» **What to work on**:
Drop the images, then output the listing exactly.

» **Supplied information**:
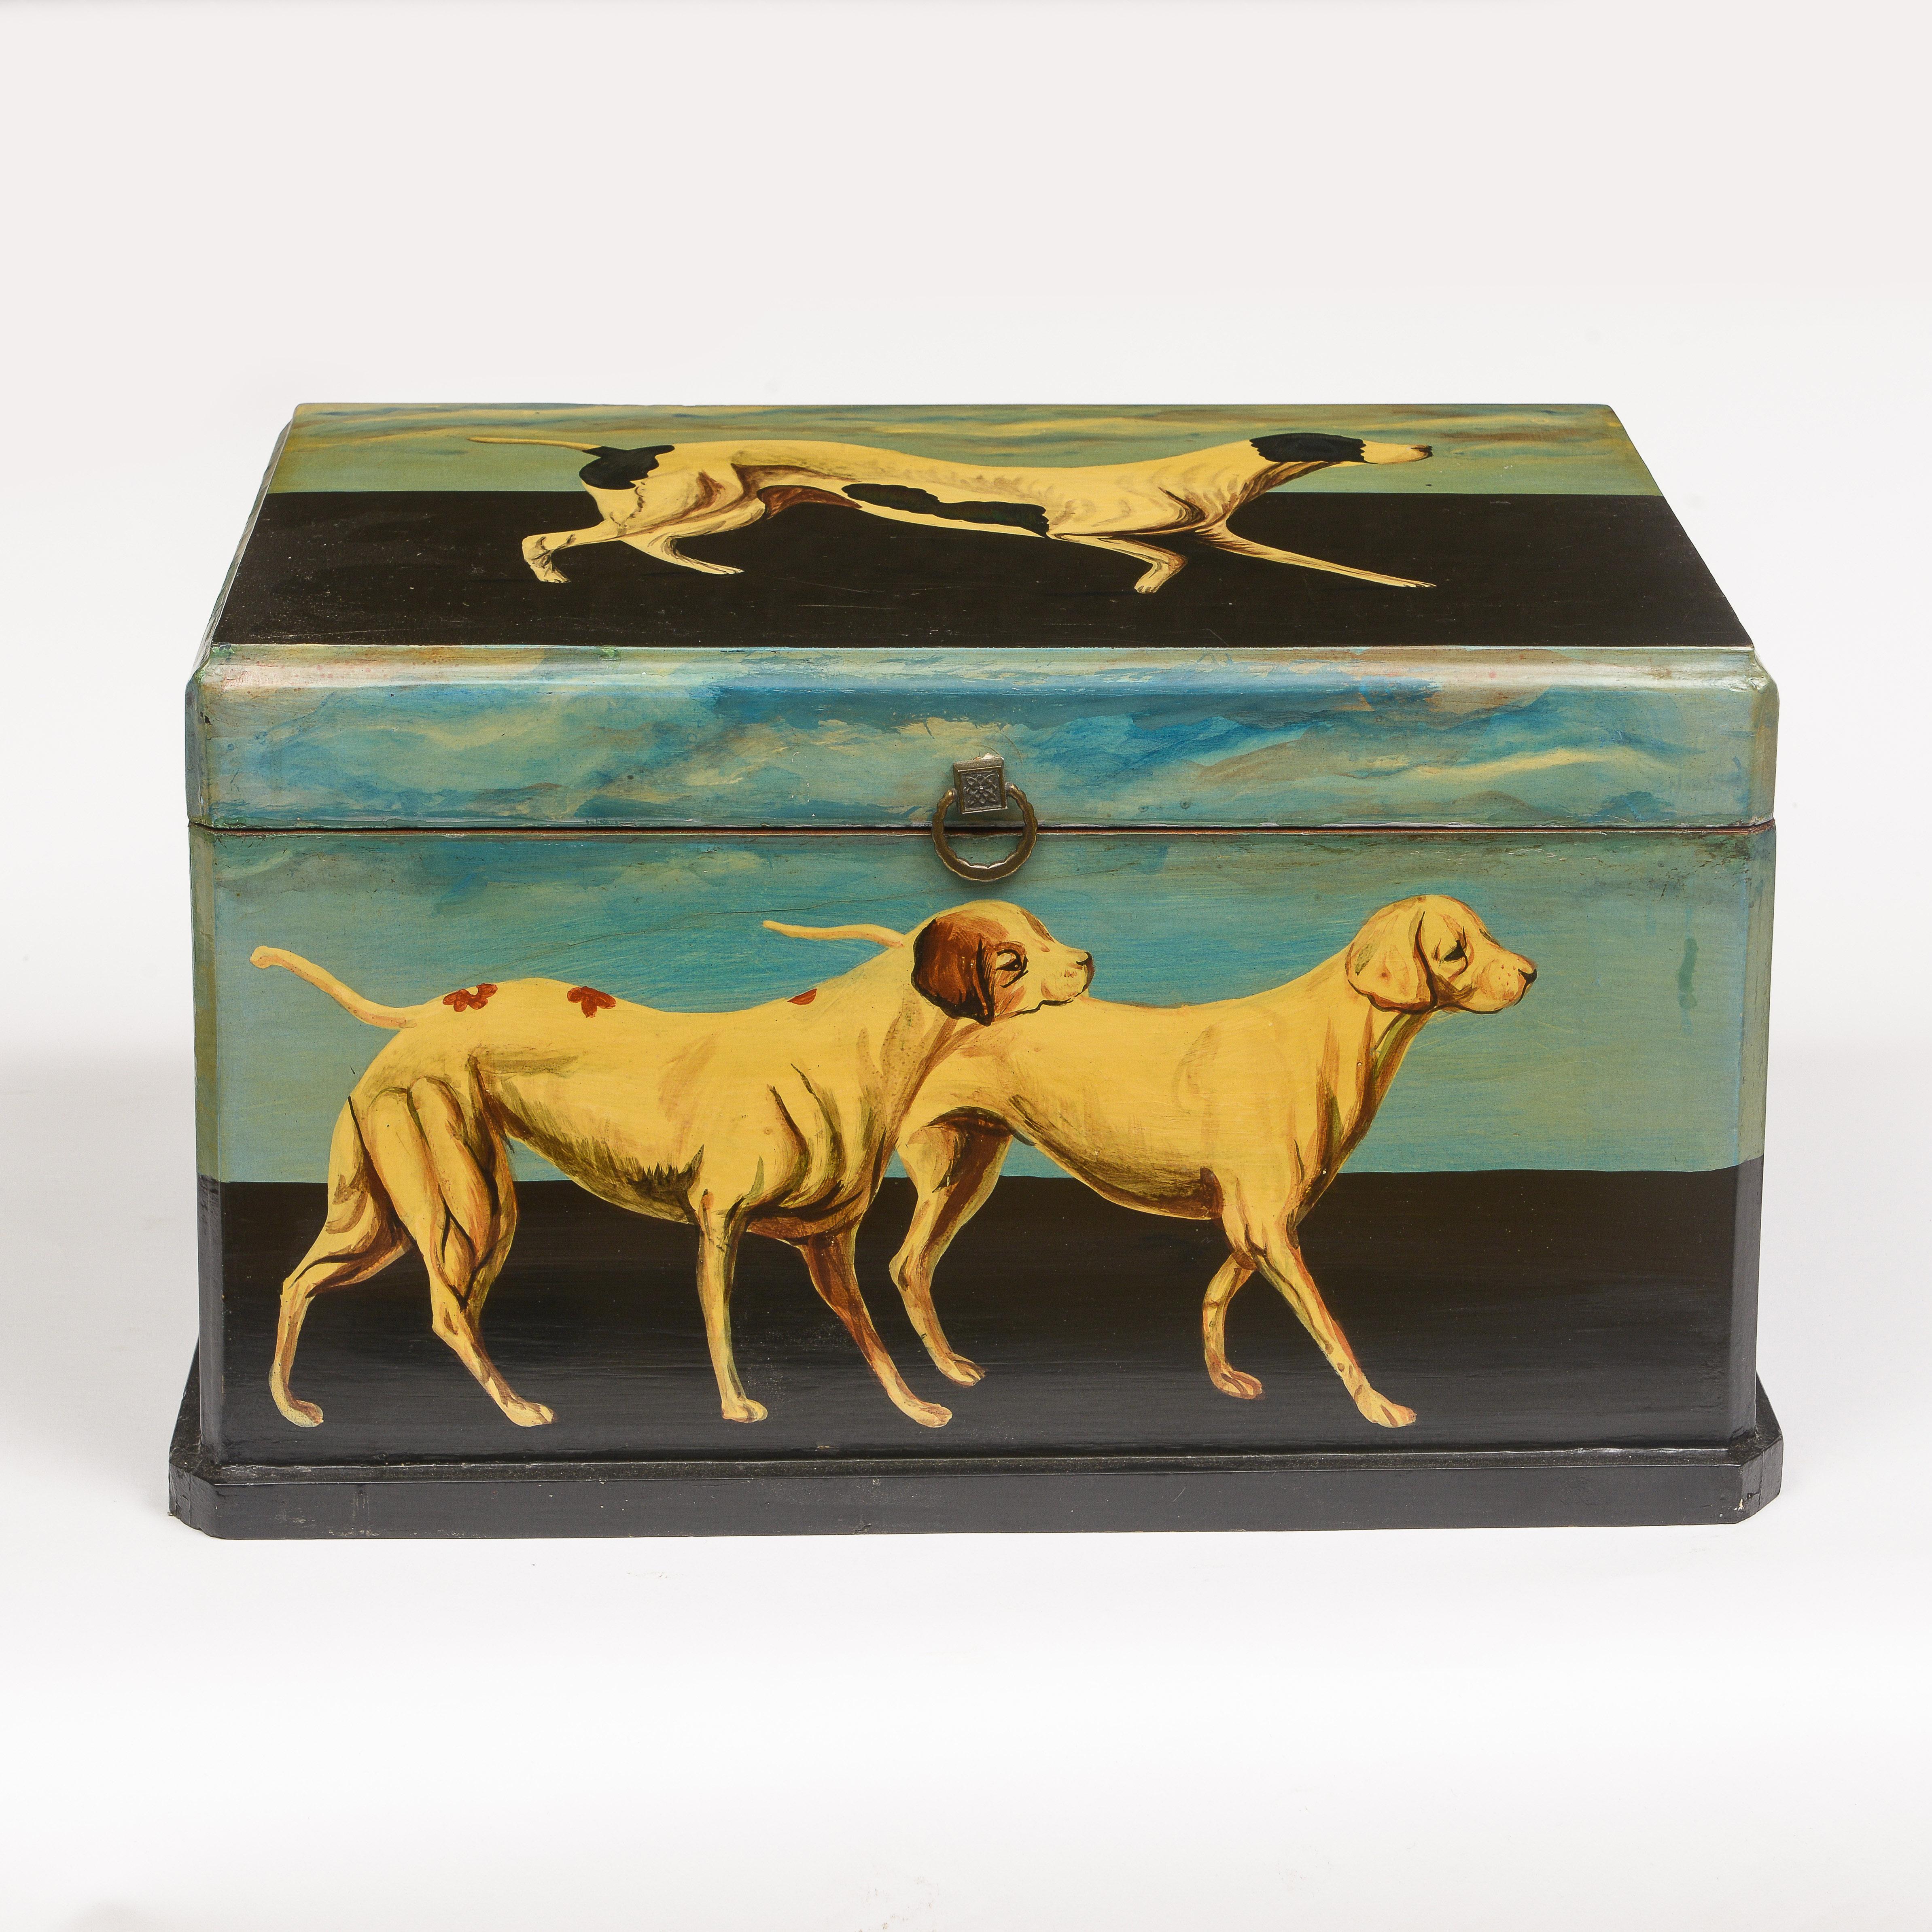 Beautifully dog painted box
Lined with gingham fabric
Perfect for storage of dog accessories.
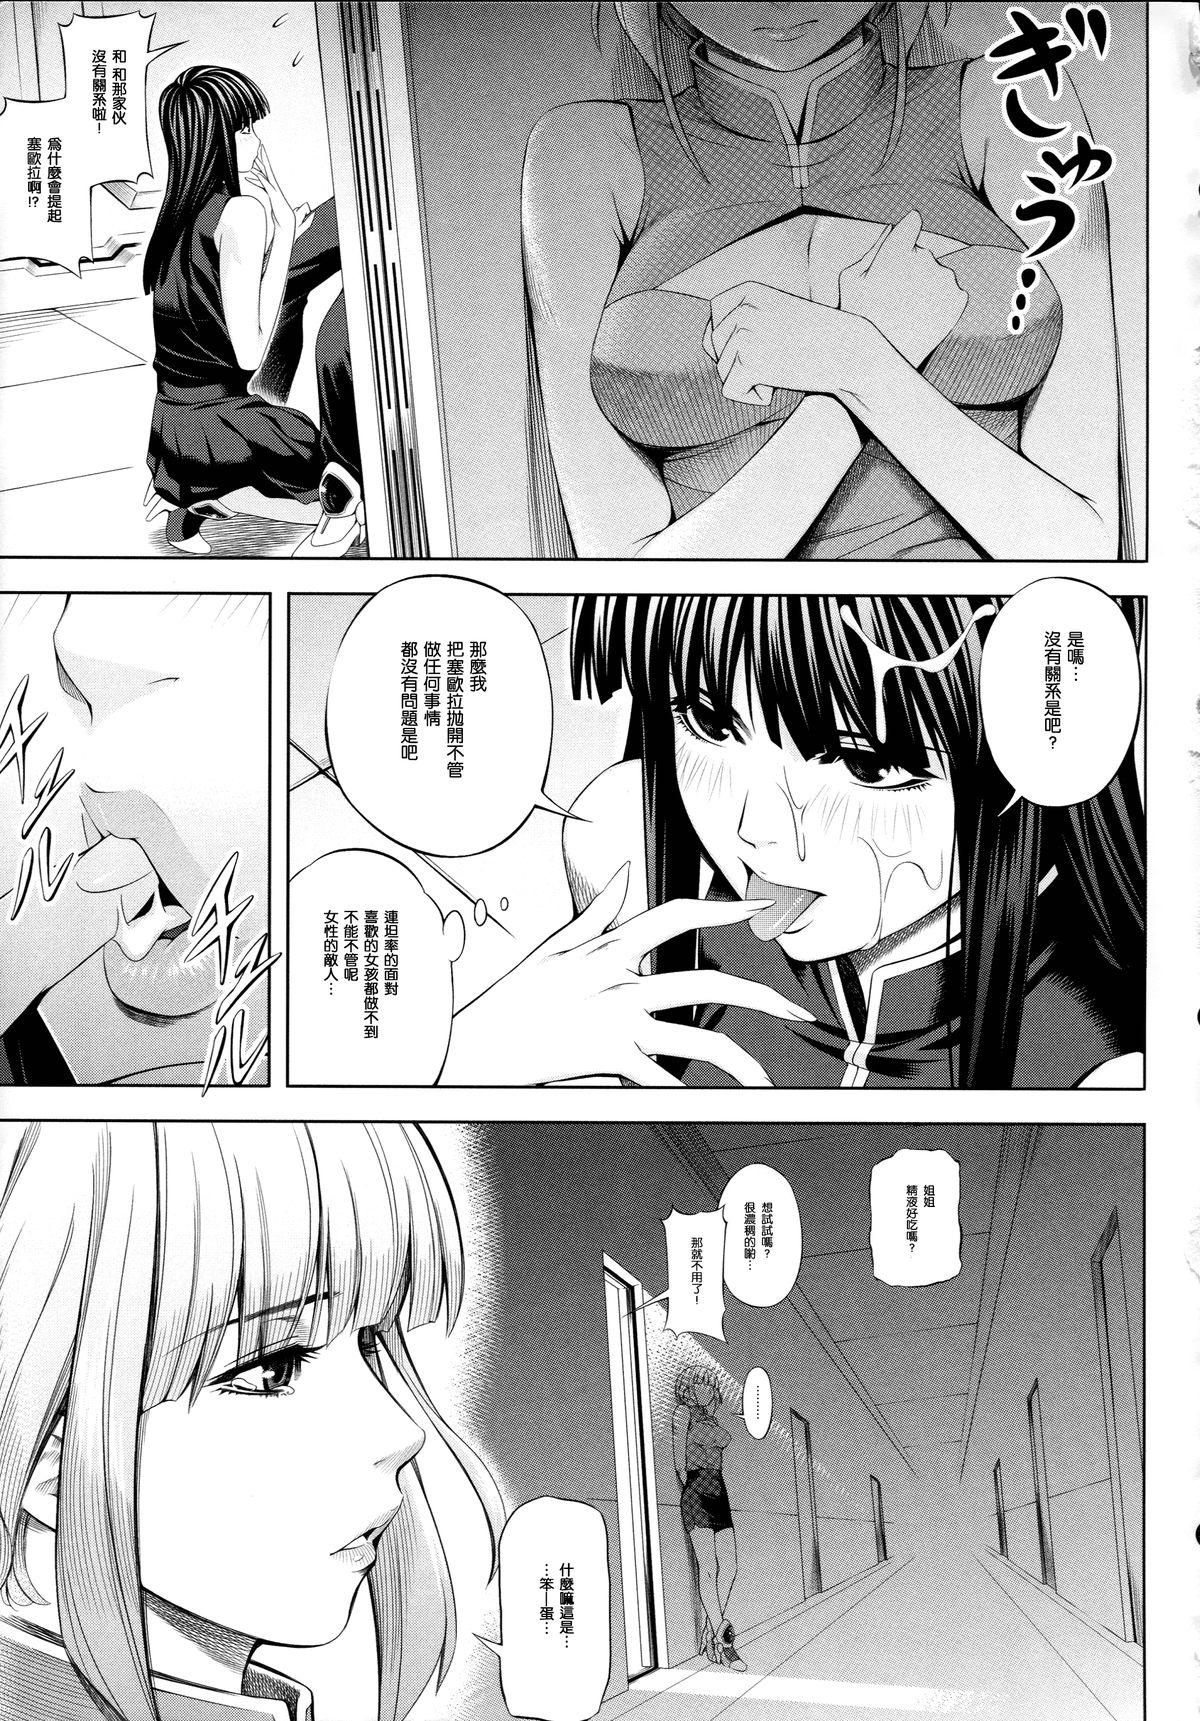 Titten ouka of book - Super robot wars Gay Pawn - Page 13

» **Problem solution**:
 Beautifully dog painted box
Lined with gingham fabric
Perfect for storage of dog accessories.
 Titten ouka of book - Super robot wars Gay Pawn - Page 13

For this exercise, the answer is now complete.